Partition Array According to Given Pivot

medium array two pointers simulation

Problem

Given an integer array nums and an integer pivot, rearrange nums so that every element less than pivot comes before every element equal to pivot, which comes before every element greater than pivot. The relative order of equal elements must be preserved.

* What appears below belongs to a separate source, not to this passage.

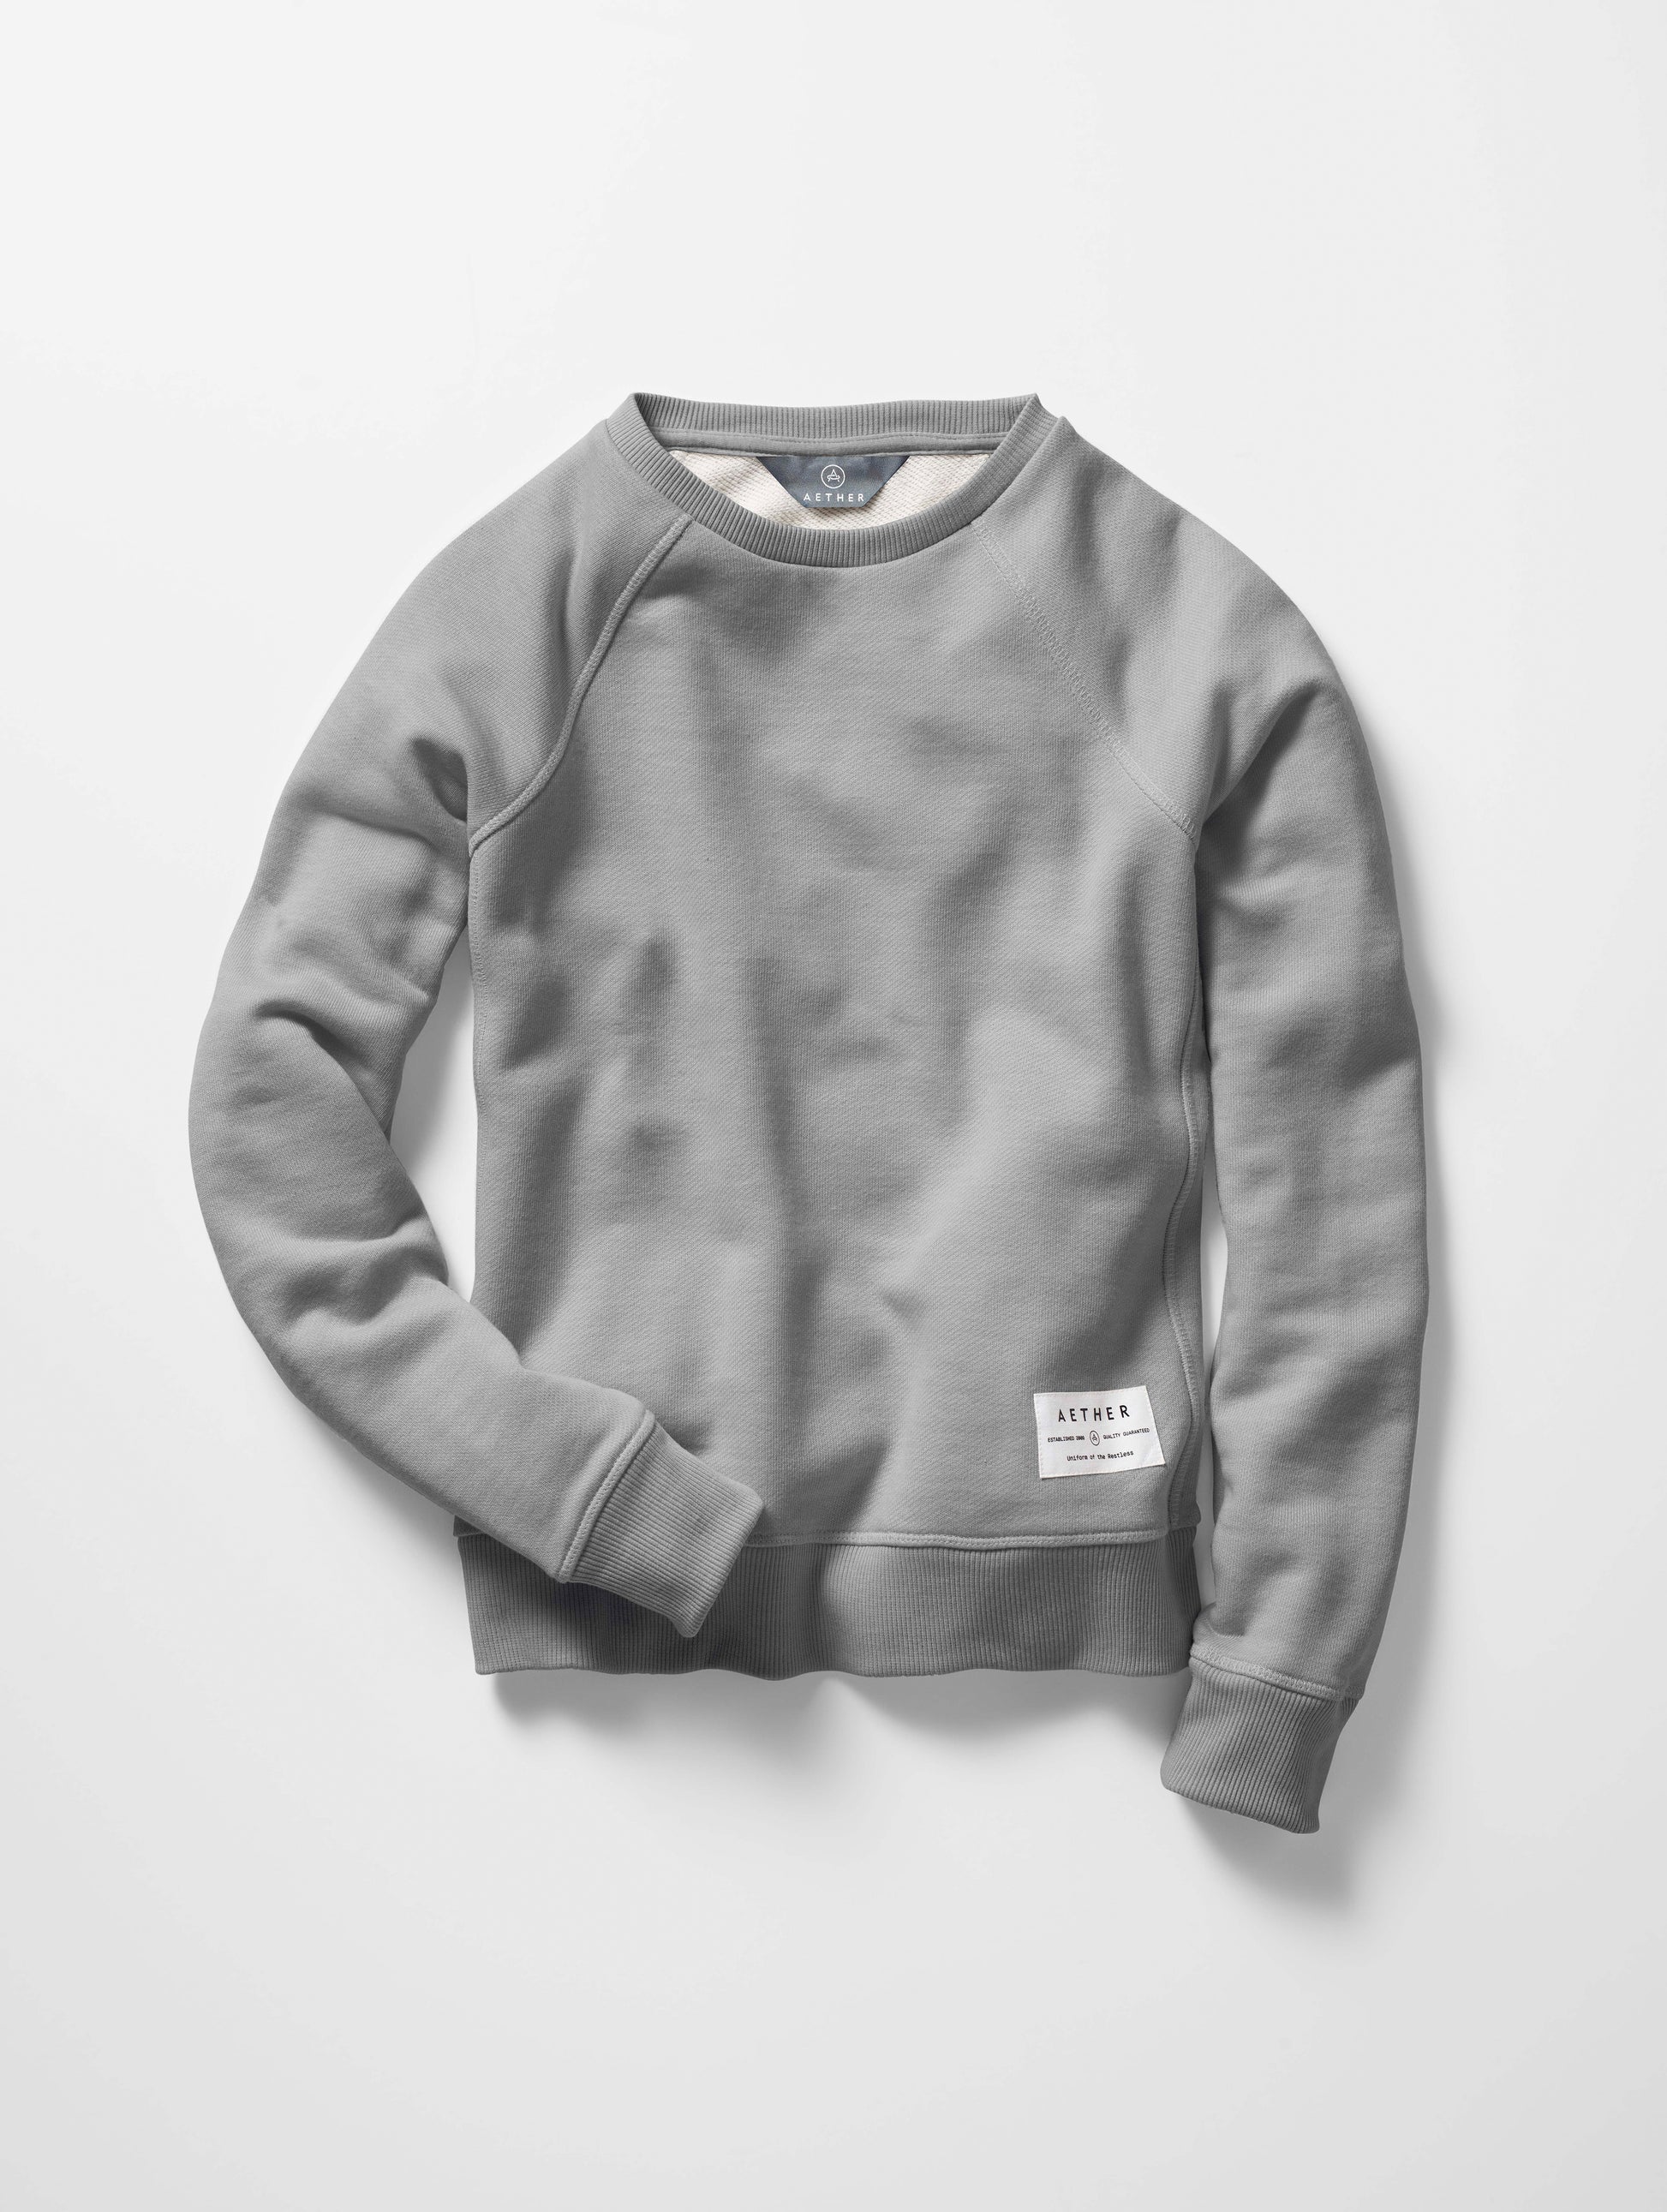 grey sweatshirt for women

Inputnums = [9, 12, 5, 10, 14, 3, 10], pivot = 10

Output[9, 5, 3, 10, 10, 12, 14]

Lefts in order: 9, 5, 3. Equals in order: 10, 10. Rights in order: 12, 14.

nums (comma-separated)

pivot

def pivot_array(nums, pivot):
    less, equal, greater = [], [], []
    for x in nums:
        if x < pivot:
            less.append(x)
        elif x == pivot:
            equal.append(x)
        else:
            greater.append(x)
    return less + equal + greater

function pivotArray(nums, pivot) {
  const less = [], equal = [], greater = [];
  for (const x of nums) {
    if (x < pivot) less.push(x);
    else if (x === pivot) equal.push(x);
    else greater.push(x);
  }
  return [...less, ...equal, ...greater];
}

class Solution {
    public int[] pivotArray(int[] nums, int pivot) {
        List<Integer> less = new ArrayList<>();
        List<Integer> equal = new ArrayList<>();
        List<Integer> greater = new ArrayList<>();
        for (int x : nums) {
            if (x < pivot) less.add(x);
            else if (x == pivot) equal.add(x);
            else greater.add(x);
        }
        int[] out = new int[nums.length];
        int i = 0;
        for (int x : less) out[i++] = x;
        for (int x : equal) out[i++] = x;
        for (int x : greater) out[i++] = x;
        return out;
    }
}

vector<int> pivotArray(vector<int>& nums, int pivot) {
    vector<int> less, equal, greater;
    for (int x : nums) {
        if (x < pivot) less.push_back(x);
        else if (x == pivot) equal.push_back(x);
        else greater.push_back(x);
    }
    vector<int> out;
    out.reserve(nums.size());
    for (int x : less) out.push_back(x);
    for (int x : equal) out.push_back(x);
    for (int x : greater) out.push_back(x);
    return out;
}

Explanation

We need every value below pivot first, then the values equal to pivot, then the values above it — and within each group the original order must be preserved. The simplest reliable way to do this is to use three buckets.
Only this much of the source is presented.